It Was Just An Accident ★★★★★ It Was Just an Accident sounds simple on paper, bu

It Was Just An Accident ★★★★★

It Was Just an Accident sounds simple on paper, but it lingers. A mechanic hears the creak of a prosthetic leg and becomes convinced the man in his garage is the one who once tortured him in prison. From that tiny detail, director Jafar Panahi spins a tense, darkly funny, and deeply unsettling story about what justice might look like after a dictatorship falls.

The film orbits Vahid, an Azerbaijani auto mechanic whose life never really left the prison where he was held for labour activism. When Eqbal arrives at his workshop with his wife and daughter, the story turns into a moral puzzle: Is this really the same man?
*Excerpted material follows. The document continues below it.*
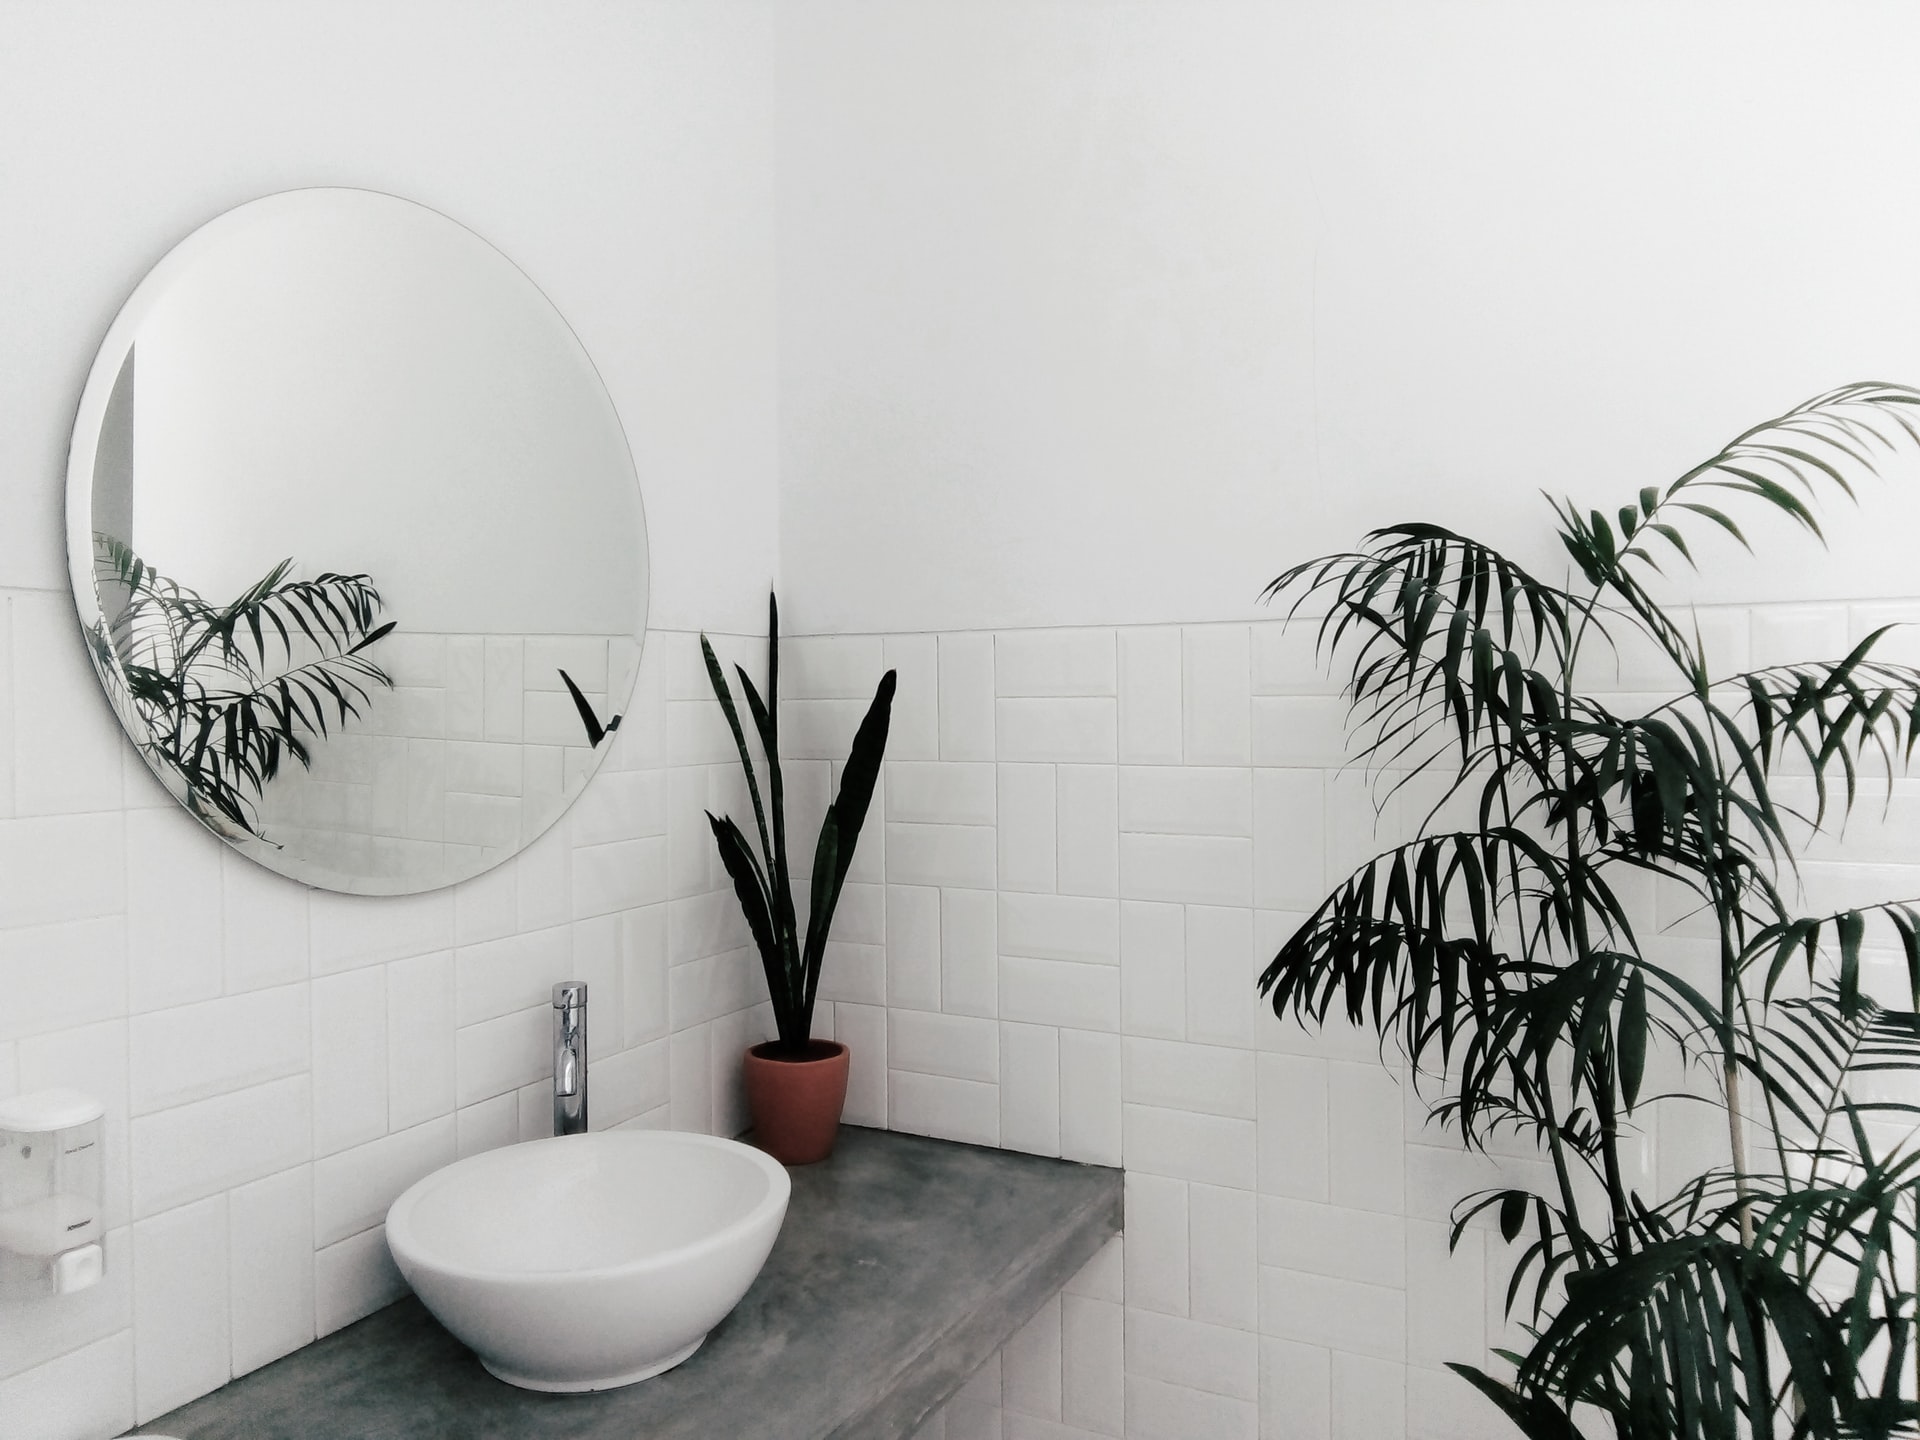 https://kitchenandbathshop.com/wp-content/uploads/2021/08/design-minimalist-bathroom-remodel-ideas.jpg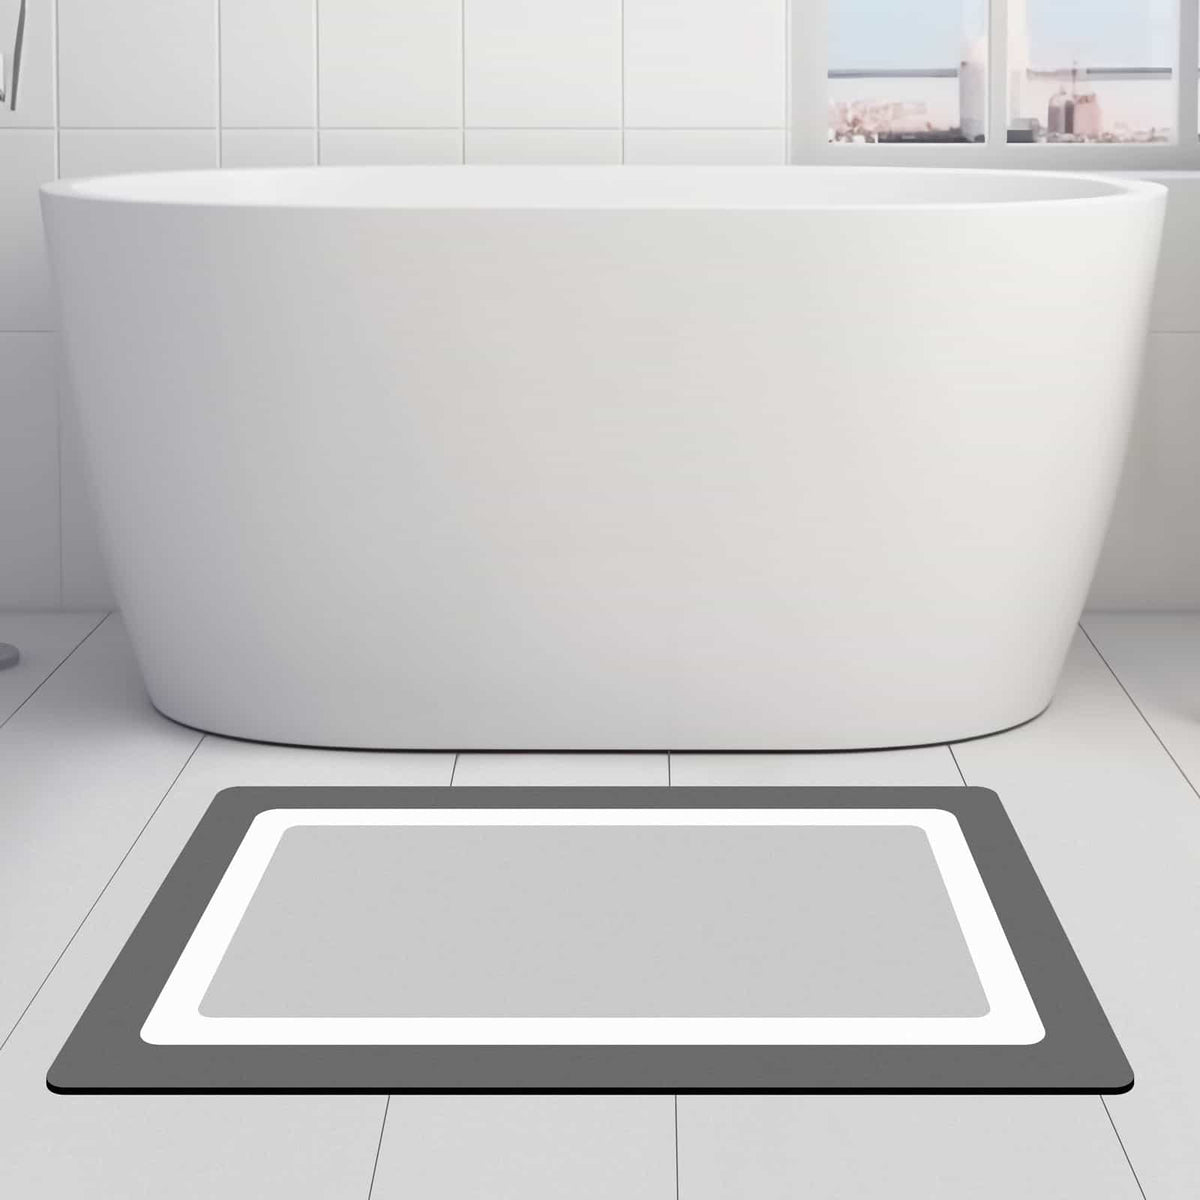 Matace Bathmat, Machine Washable Diatomaceous Earth Bath Mat —

What counts as proof when your memories come from behind a blindfold? And if he is guilty, what kind of punishment could ever feel like enough?

Scenes unfold in garages, on dusty roads, inside a van carrying a man in a wooden box, shifting between tense, tragic, and unexpectedly comic without ever feeling showy. A small, ramshackle group gathers around Vahid’s mission, and suddenly this “accident” becomes a collective attempt to judge one man in place of an entire system.

By the end, the story feels less like a revenge movie and more like a thought experiment about the “day after” the regime falls, when people finally have to decide what to do with their anger and grief. It’s a film about recognition of faces, of guilt, of history that refuses to give easy answers, and that’s exactly why it sticks. It Was Just an Accident is a sharp, nervy, and quietly devastating political thriller that turns one chance encounter into a full-blown reckoning with memory and justice.